To make this work, we'll need to extend the SerBatchReader API:

  • Expose the sample_keys method (available in BatchReader, but not SetBatchReader)
  • Add seek_key method to SerCursor, which currently only supports iterating over all keys.
  • Add Sync bound to SerBatchReader, so we can wrap it in an Arc and send a copy to each worker thread.
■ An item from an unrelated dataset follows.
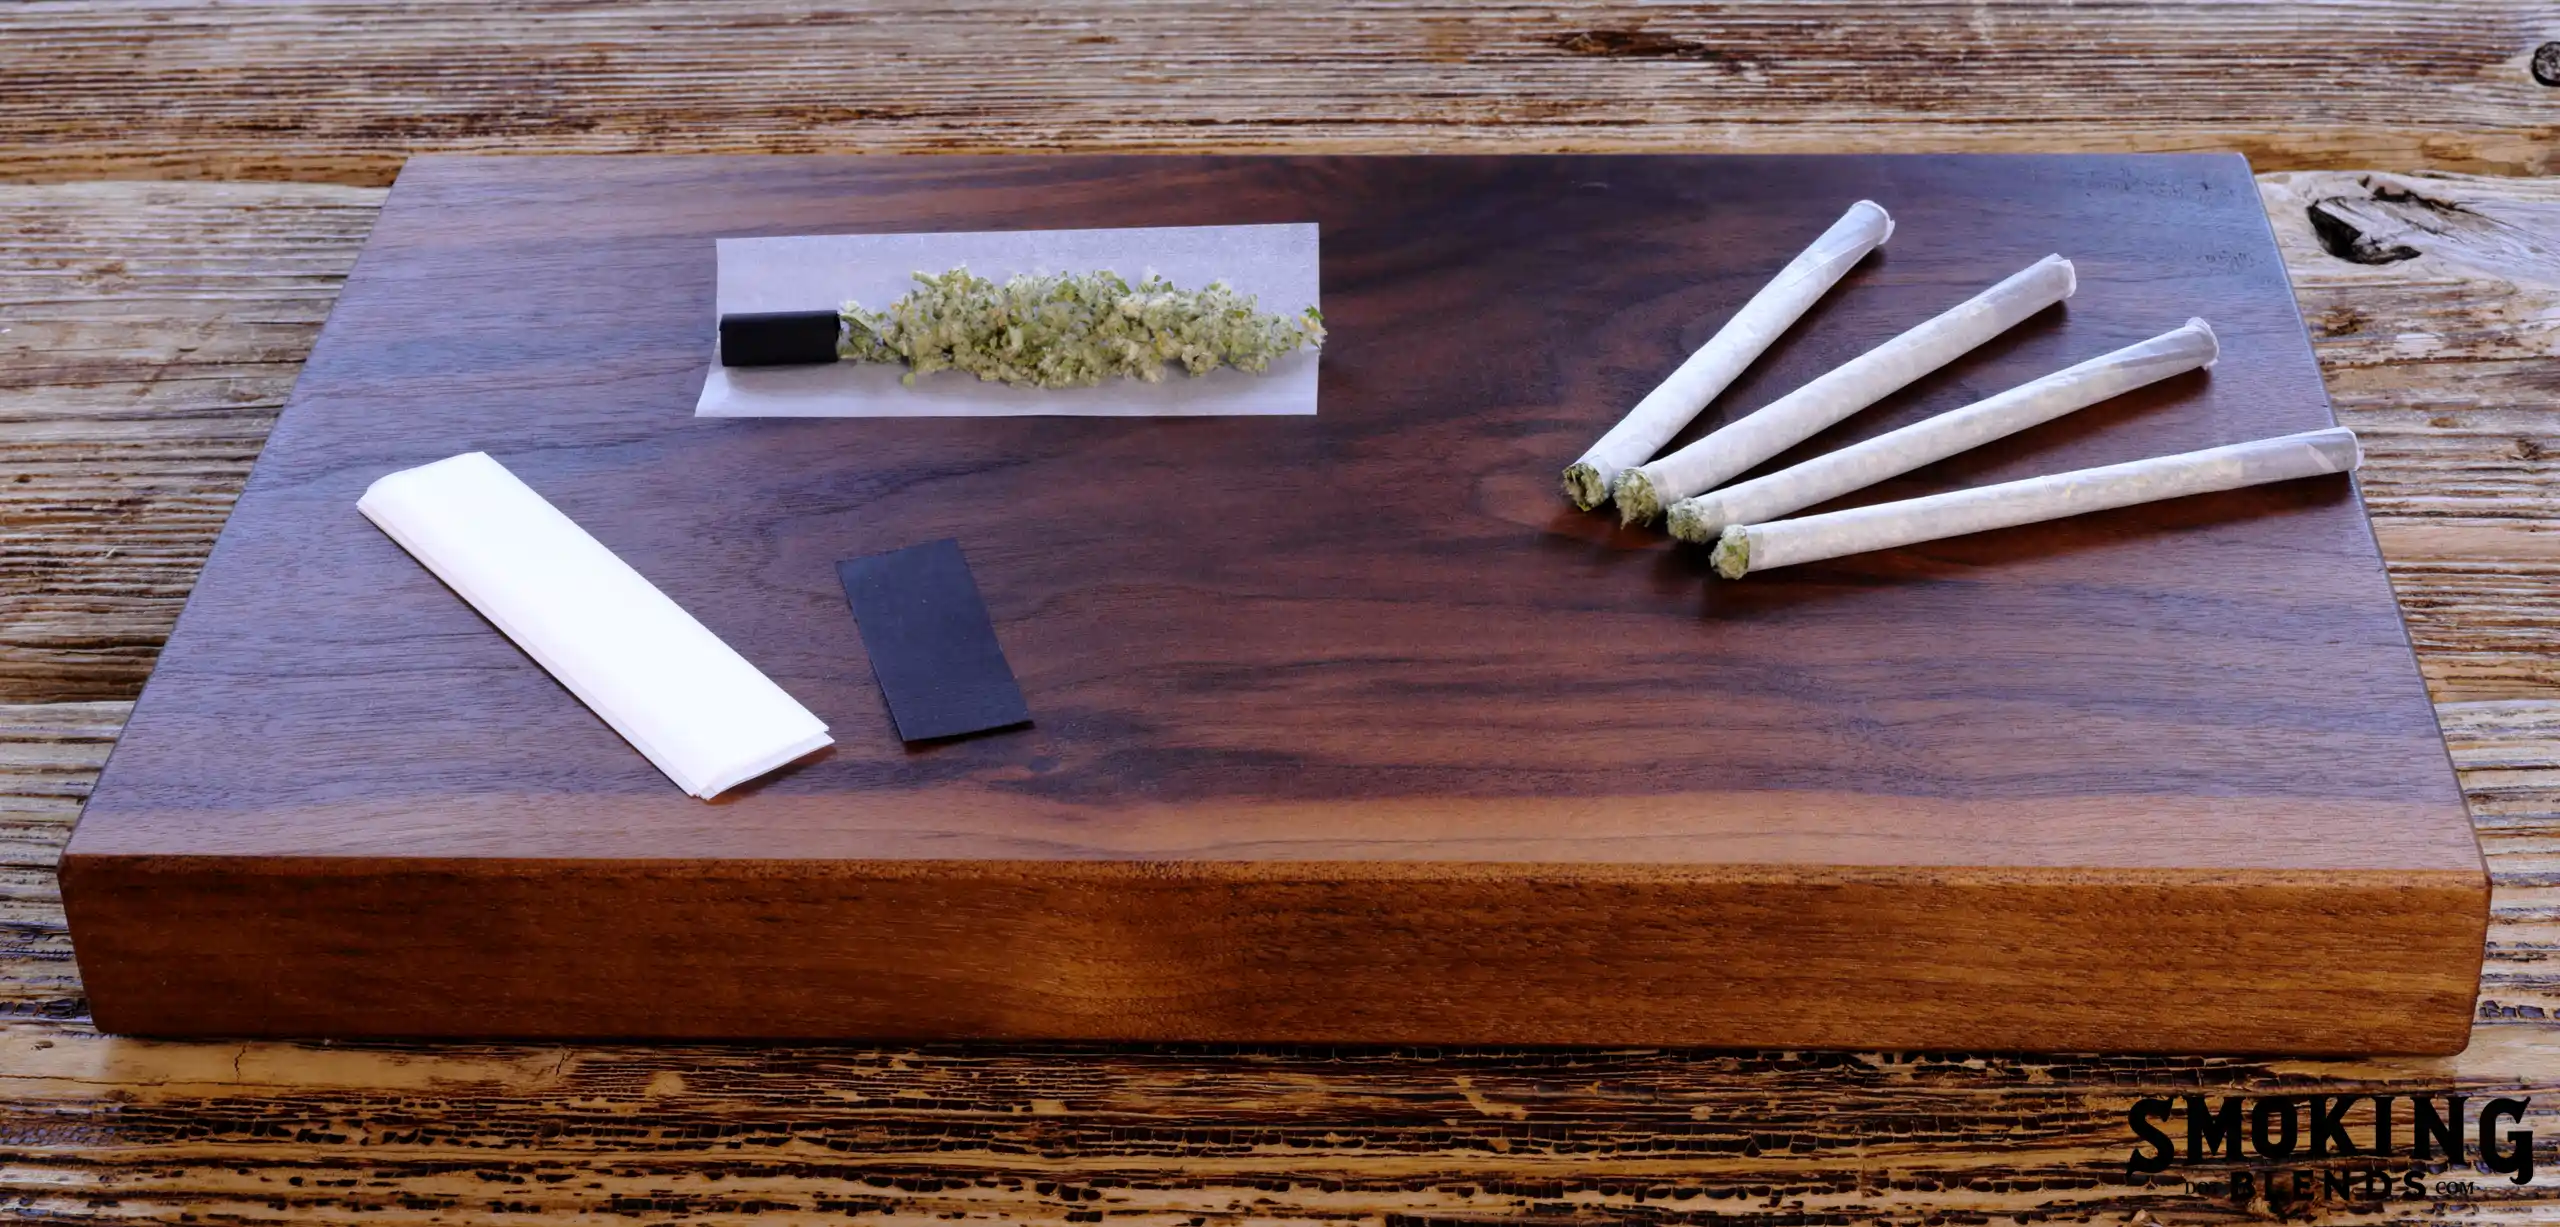 A Rolling Tray with Herbal Cigarettes and Smoking Herbs on It

The next question is how to collect encoded data from the multiple encoder threads. One option is to have them all push encoded buffers to the OutputConsumer; however this would require us to make the OutputConsumer API thread-safe. Alternatively, we can send encoded buffers back to the connector thread and have it push them to OutputConsumer sequentially.

CursorWithPolarity

The above design works for indexed output streams. Non-indexed output streams require special care to make sure that deletions are output before insertions. We do this using CursorWithPolarity, which iterates over deletes before inserts. We need to figure out how to keep this invariant with parallel encoders. One approach is to split encoding into two phases: deletions and insertions and have all encoder threads synchronize on a global barrier before transitioning from phase 1 to phase 2.

Implementation reuse

The extensions outlined above will be implemented as reusable libraries, but per-connector work will be required to take advantage of them, e.g., we'll need a separate implementation for Avro, JSON, and other formats, as well as integrated connectors like Delta, Postgres, etc.